Context change potential

Context change potential

In formal semantics, context change potential (CCP) is the way new information reshapes existing understanding. It is a real feature of natural language observed, modeled and predicted by researchers. As speakers use natural language, they offer and interpret new contributions in the context of what has already passed in their discourse.

(1a) A: You didn't get to yesterday's out-of-town meeting. [context]
(1b) B: So far.
(2a) A: It's a lovely day. [context]
(2b) B: So far.

In the example dialogue fragments, although the same phrase so far is offered in both replies, the prior contexts establish different analyses of the meanings of the phrase.
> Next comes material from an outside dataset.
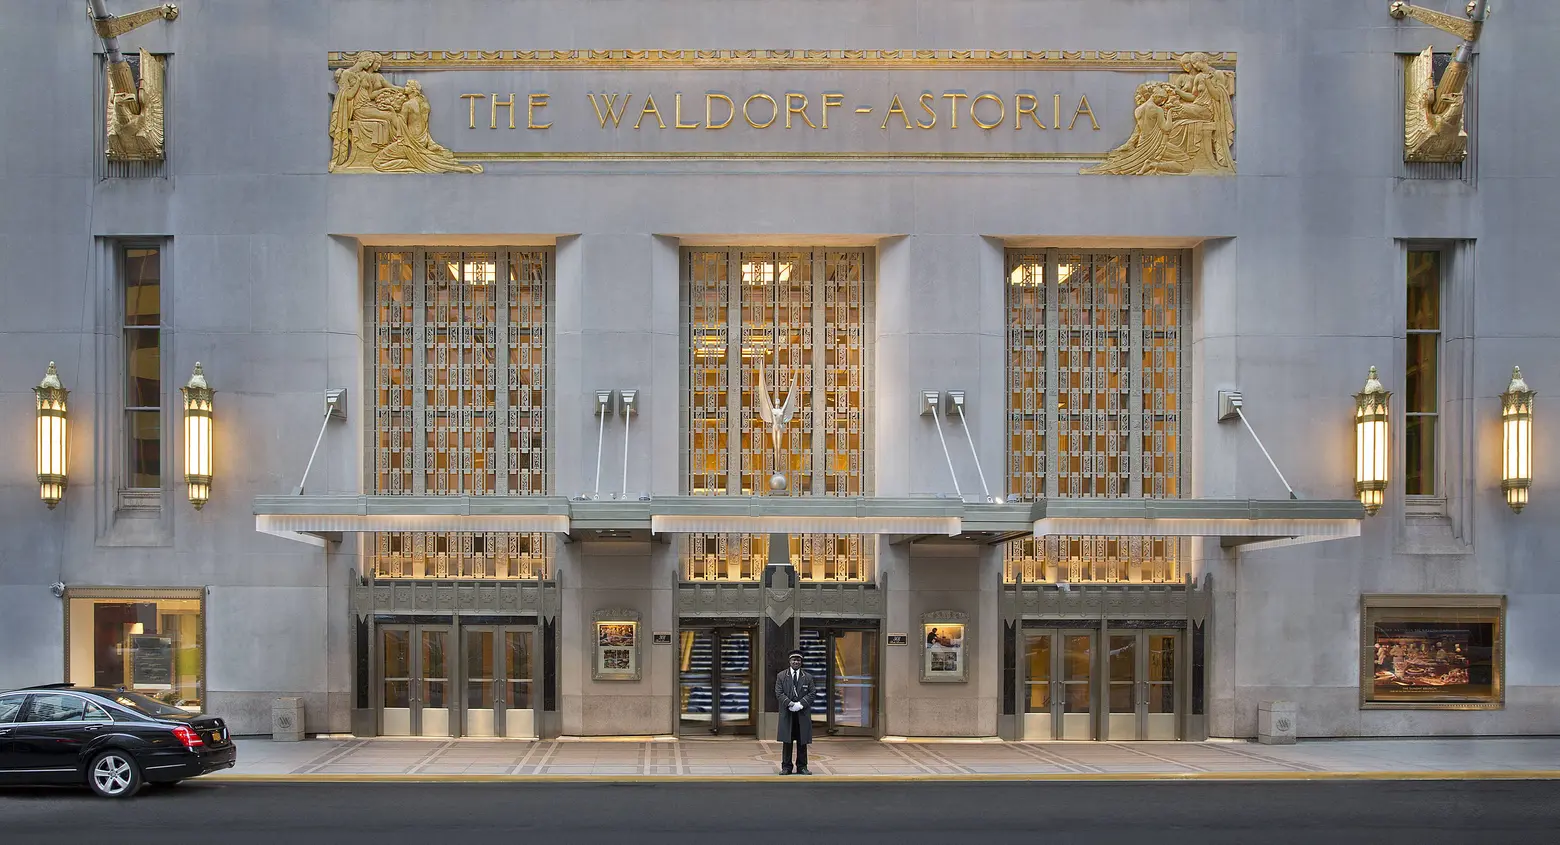 Waldorf Astoria will lose 1,000 hotel rooms in renovation

In the first example, the reply (1b) modifies the prior context (1a) by providing an explanation: B did not make the meeting because it was too far to travel. In the second example, the reply (2b) also modifies the prior context (2a): B agrees with A that the day has been lovely up to this point, but appears to implicate concern about the future. In either case, after B has contributed a reply, there is now a new, different context against which future contributions to the dialogue must be analysed to establish their meaning.
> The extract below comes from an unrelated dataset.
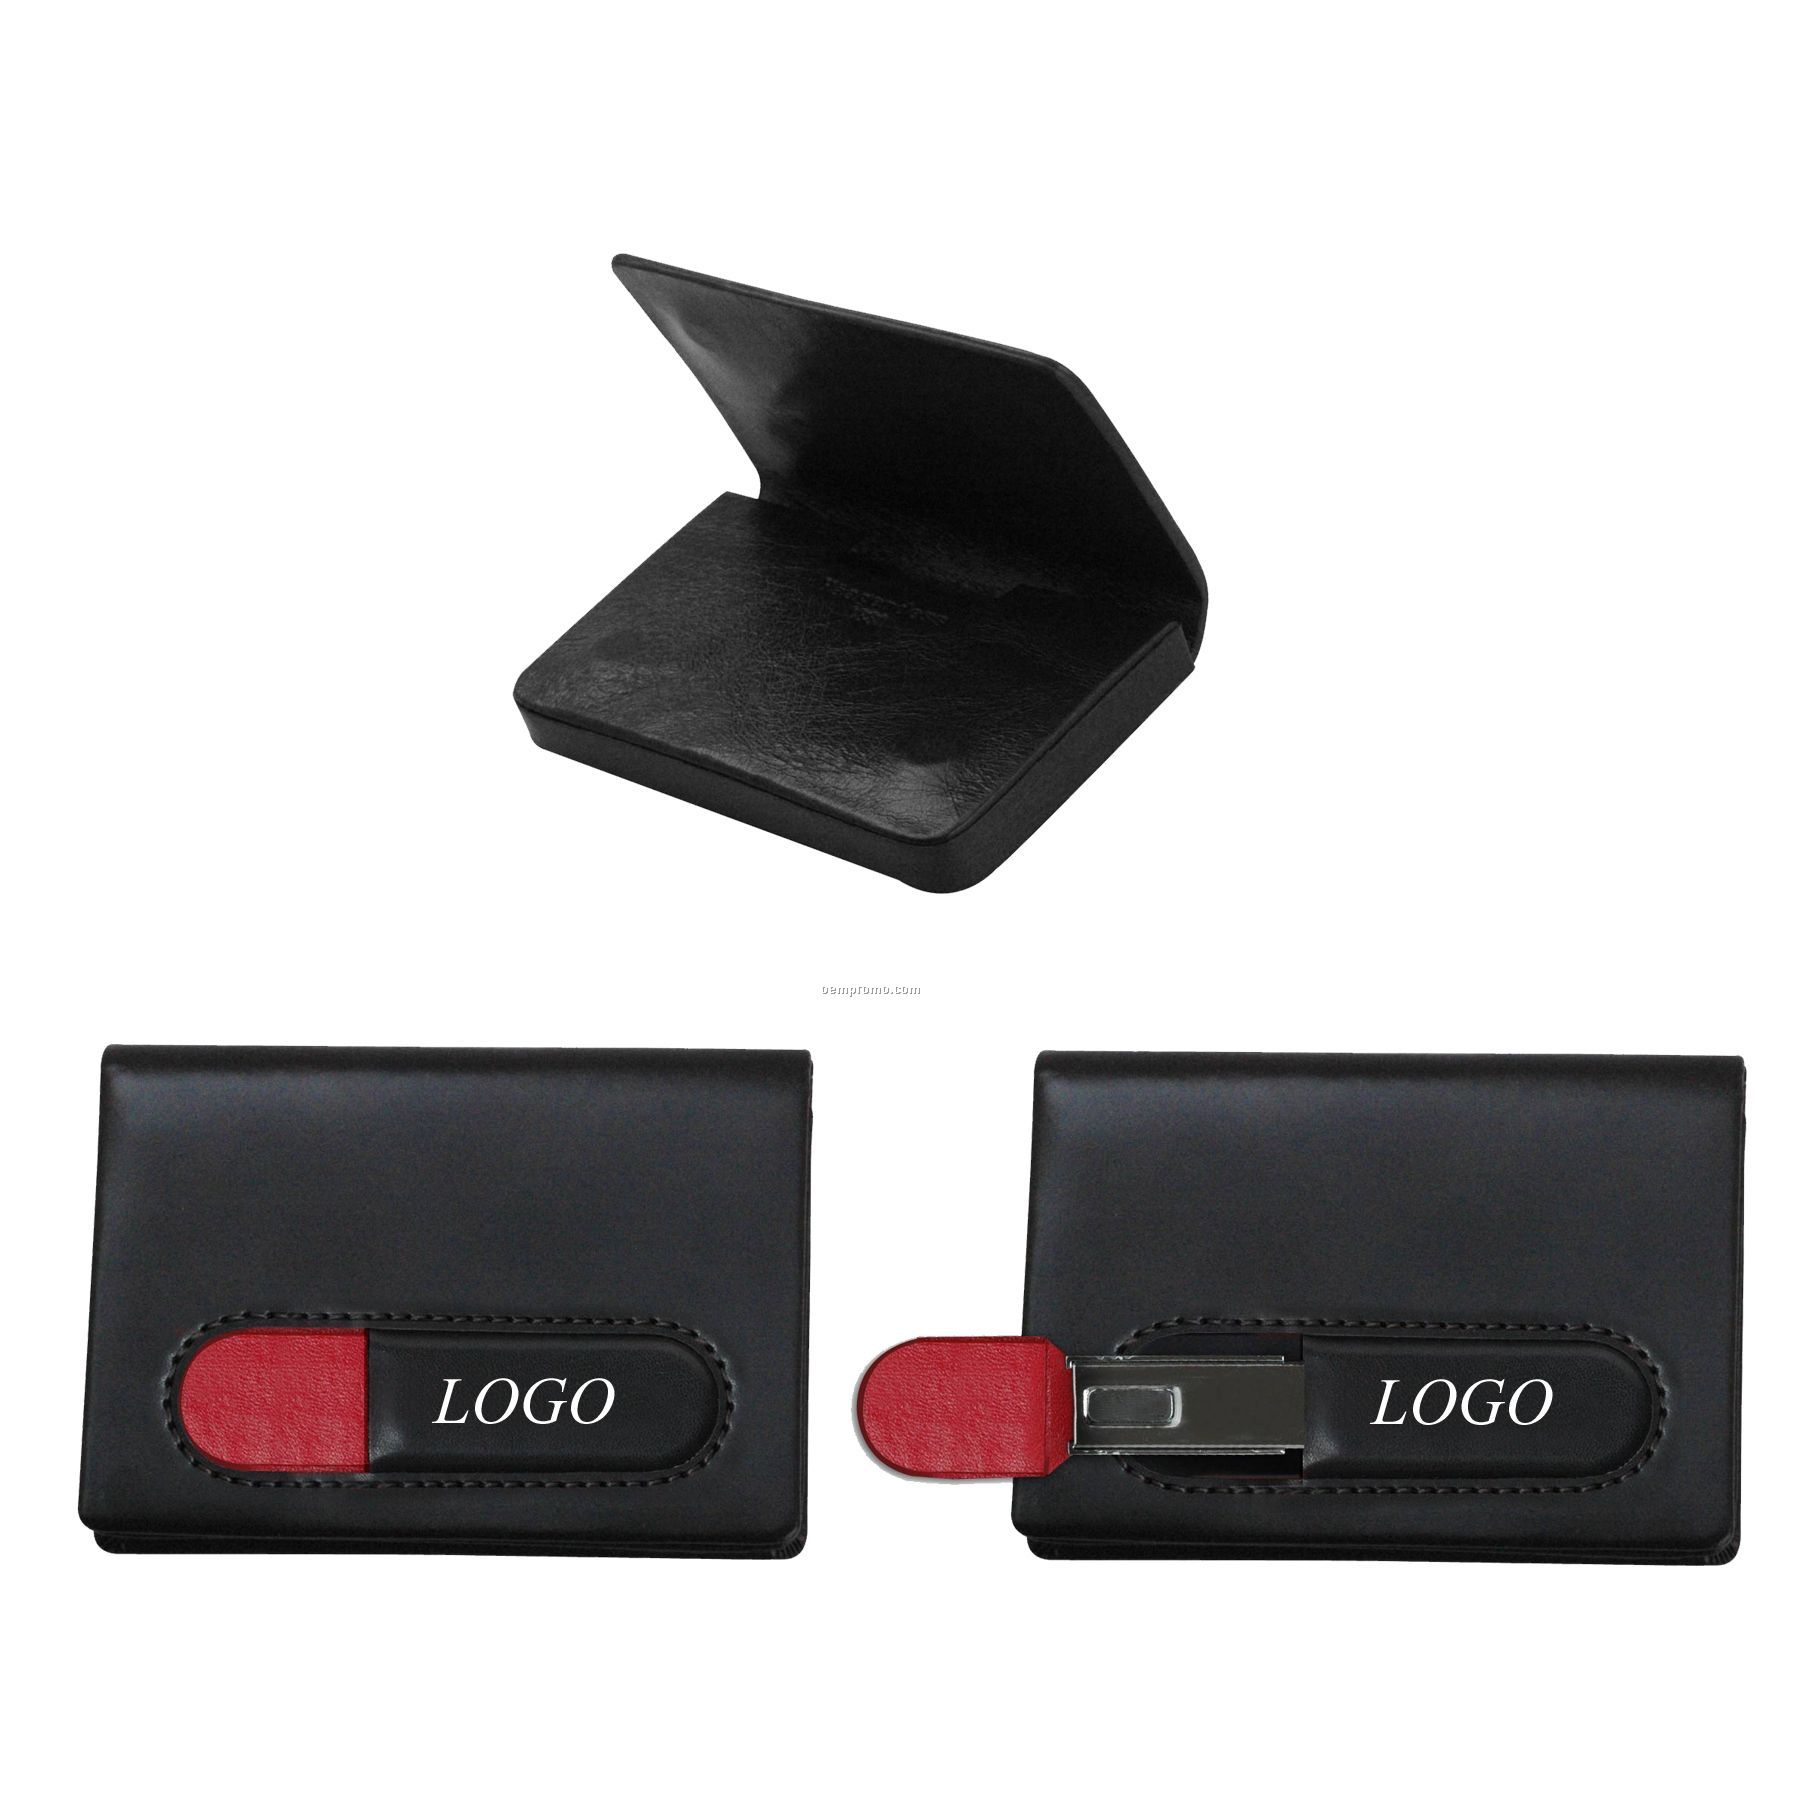 Business Card Holder USB Drive (Bchusb02)

(1a) A: You didn't get to yesterday's out-of-town meeting. [context]
(1b) B: So far. [context]
(1c) A: It started early. [you slept in?]
(1d) B: No car. [no]

As a discourse progresses, the "picture" provided by the context is "filled in". Sometimes parts of the picture are "erased" then "redrawn" in alternative ways. The insight of CCP analysis of discourse is that language use doesn't simply function to denote reference to the objective world directly, significantly it also functions by constructing and modifying a context shared by discourse participants.
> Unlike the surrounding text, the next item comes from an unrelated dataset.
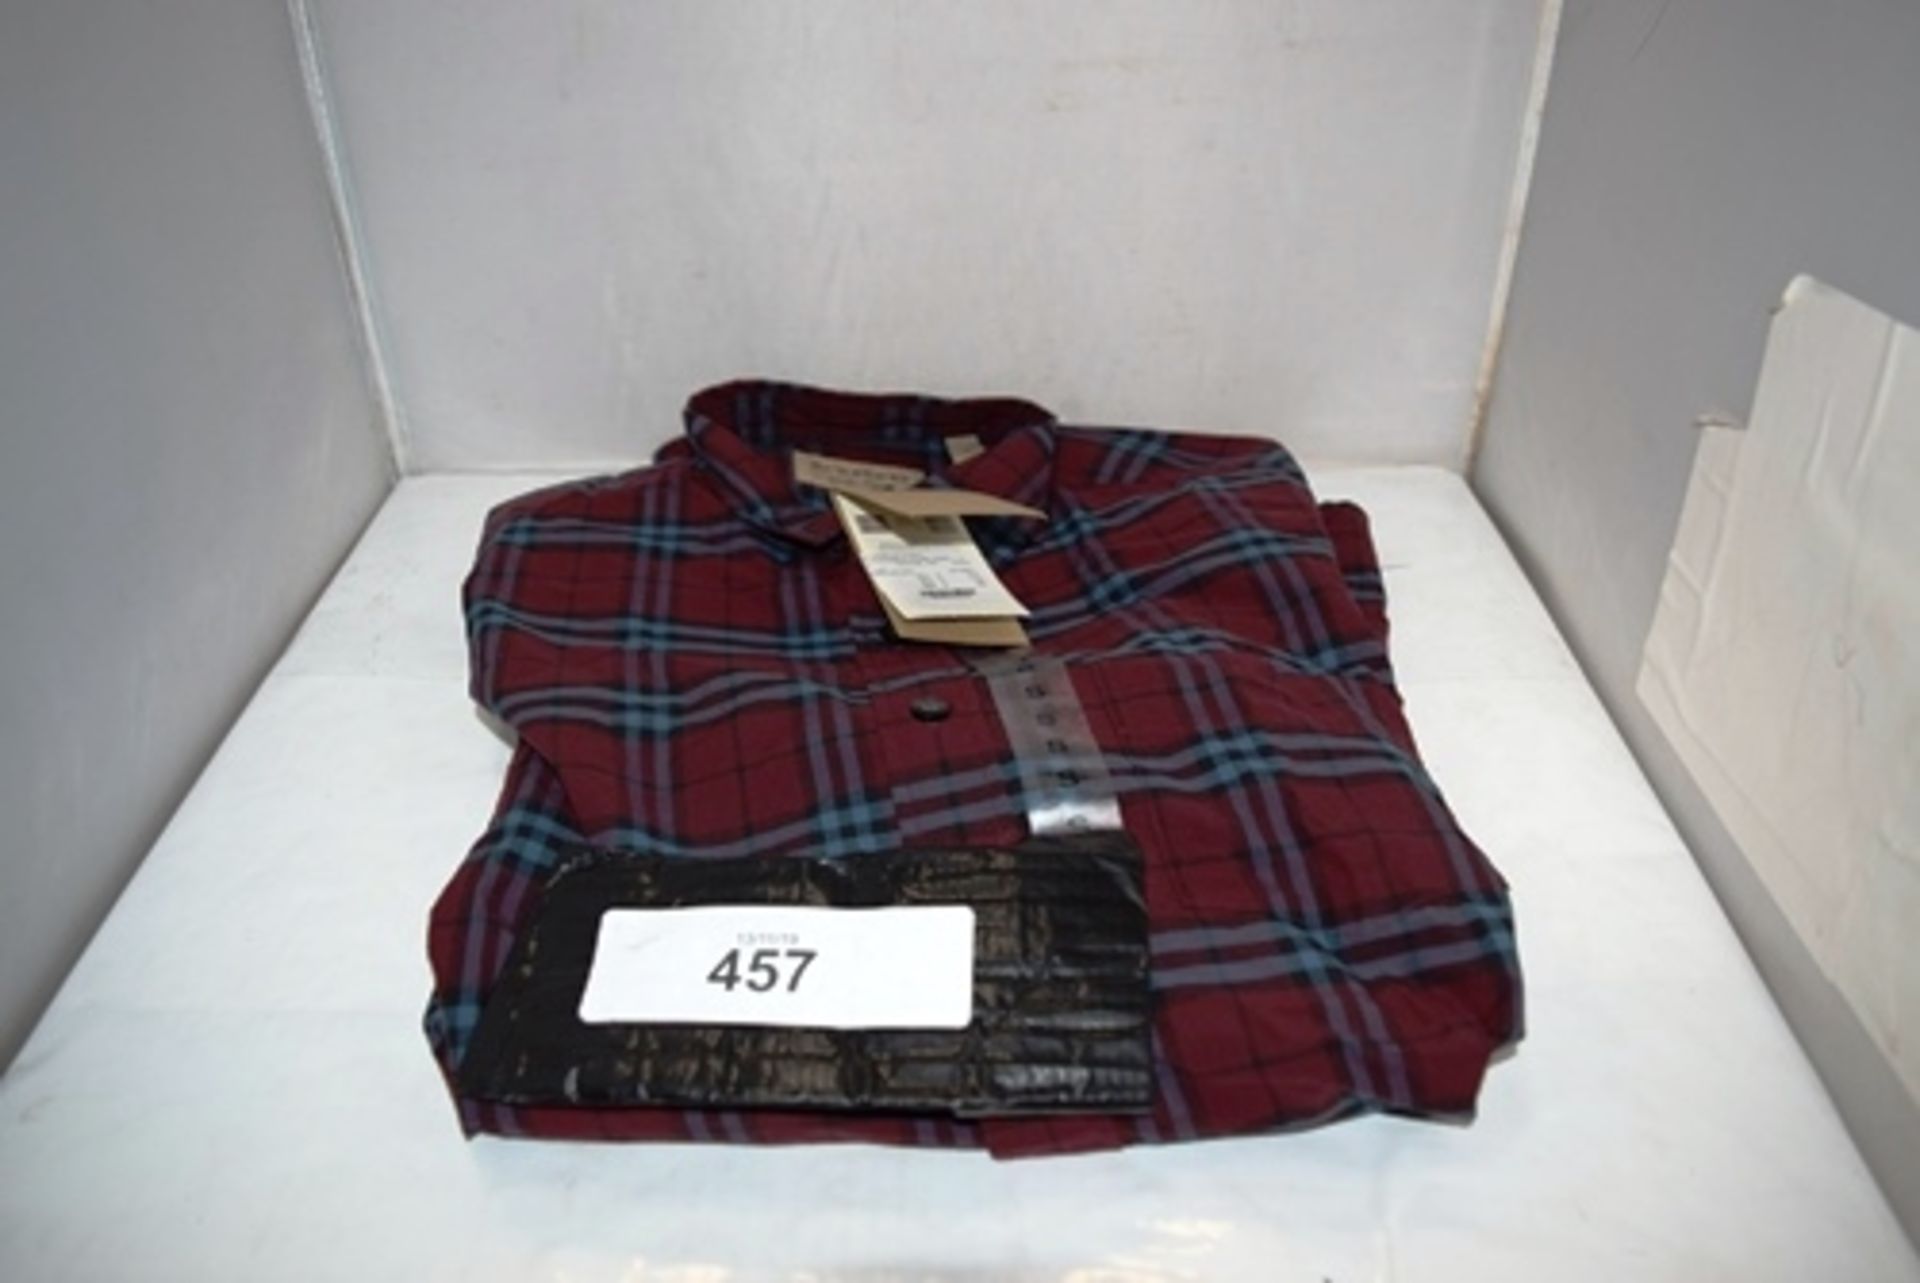 1 x Burberry Alexander crimson red long sleeve shirt, size small - New (C14B)

CCP is the foundation of dynamic semantics, giving rise to the slogan "meaning is context change potential". Earlier work in semantics attempted to show how the meaning of many sentences could be directly represented by logical models of the objective world. Finding a way of representing the meaning of difficult sentences led to seeing the need for accounting for CCP. Discourse Representation Theory (DRT) did this by viewing successive contributions to discourse as dynamically modifying a model of the world—the changing context.